As we become more efficient at gathering information in the world, from shopping habits and most-searched-for vacation spots to satellites that can adjust for cloud cover, it follows that how we communicate and organize this information for general understanding should become increasingly important. And it has. The demand for data analysts has grown over the past decade and the challenges that accompany analyzing this information are several, but despite all the hard work that goes into processing data sets, very little is shared with the public through data visualization.
Data visualization is the presentation of data in graphical or visual format to communicate information clearly and make complex data more accessible. Its goal is to provide the information necessary for the reader to make an informed decision, grasp a difficult concept, identify patterns or otherwise use the information presented.
Through my classes and research internship I’ve created several visualizations of my own and used others’ data representations to further my own understanding of the given topic. In doing so, I’ve come to realize how difficult it is to avoid bias. In my research here at Bigelow, a large part of my work has been mapping and creating other visuals (ie. box plots, anomaly maps, etc) to look for and try to identify patterns or correlations in natural phenomena. More specifically, I’ve been focusing on chlorophyll blooms in the Nordic Seas that occur earlier than in the majority of the basin. When I plotted the time series of these early chlorophyll blooms for each year, I was excited to find that this phenomena occurred every year with varying strength.
Upon taking a closer look at my data though, I discovered that this was not the case. In 1999, the red cluster — representing the early bloom — doesn’t exist. Which means the time series could be based off one or two pixels that may even be clustered incorrectly.
Which plot is telling the truth then? In order to test this I ran another type of clustering analysis that assigned membership values to each pixel. This value indicates how confident we can be that the pixel was clustered correctly. After running this analysis and plotting only the pixels with a membership value above a certain threshold it became clear that the time series plot for 1999 and even 2001 were not accurate representations. Once the membership value filter was applied to the data there were no points from 1999 or 2001 that we could be confident were clustered correctly.
It was in this way I discovered how difficult it was to not accidentally bias your images when creating figures, but also how important it is to be critical when reading results from representations. This skewed representation of data, whether intentional or not, can have subtle and dangerous consequences.
Aside from its expected appearances in scientific literature and statistics, information graphics have been increasingly popular in the media.

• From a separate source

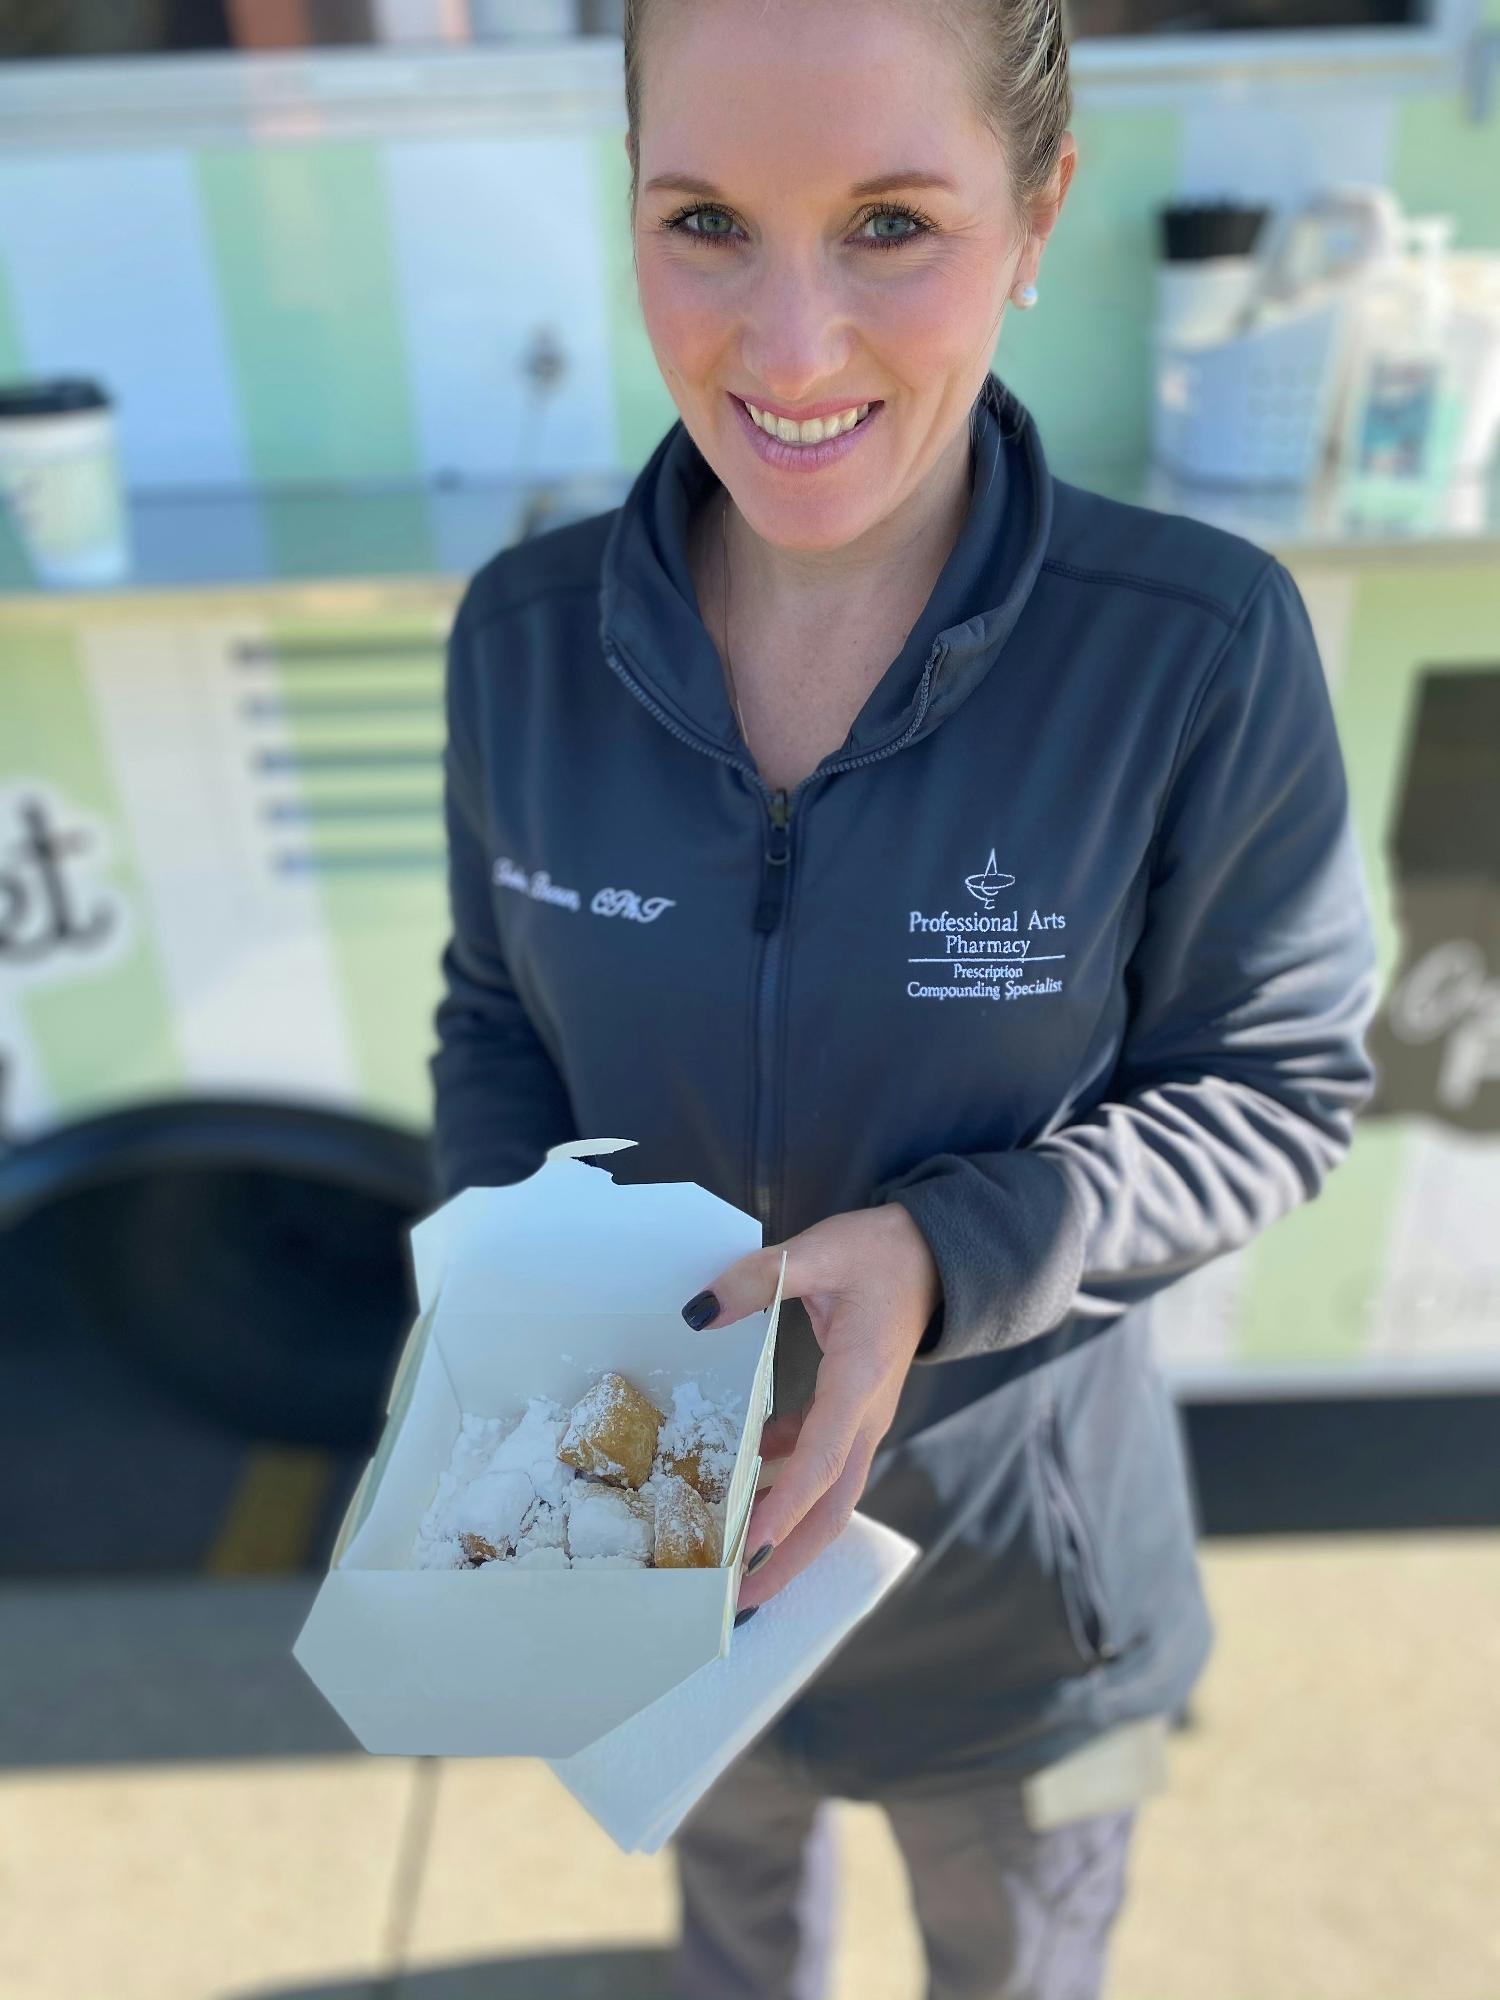 Due to COVID, instead of our traditional holiday lunches, employees enjoyed a food truck of beignets to enjoy in the sun

A good representation of data will communicate accurate findings at a glance, but this isn’t always the case for visualizations presented in advertisements and the media. Competing browsers compare running speed in their advertisements and judging by this Microsoft Edge ad you might agree, Edge is faster. But in looking more critically at this representation, Edge is faster because its speed score is higher? There isn’t a translation for what that speed score means so without units we can’t interpret how important the difference between the speed scores is. At a glance, Edge appears almost twice as fast as Firefox when in reality it is only 9% faster. While this is a fairly innocent manipulation of consumers it highlights how commonplace bad data visualizations are becoming.
Another example with political implications is a figure seen on Fox News showing how many people had enrolled in US government sponsored healthcare. At first glance, it would seem as though as of March 27th they were less than a third of the way to their goal. But again looking at the numbers reveals a difference of 15% between the two — not 66%.
In both of these examples the visuals have been skewed for the desired initial interpretation and reaction that takes an extra deliberate decision of the audience to reevaluate. While both these examples in the media were likely deliberate, bias data representation can be accidental as well (as in my data of the Nordic Seas). For this reason, it’s important to be critical of the visualizations being presented to you; are there units, labeled axes, scaled plots? Finally, it’s easy for advertisements to throw large numbers at people resulting in people assuming a statistic has more significance than it should. Always look for context and compare stats with meaning; instead of comparing how much a country spends on its military, compare how much it spends relative to its population.
Adelaida Arjona is a Harvard University student in Bigelow Laboratory for Ocean Science’s Research Experience for Undergraduates program. This intensive experience provides an immersion in ocean research with an emphasis on hands-on, state-of-the-art methods and technologies.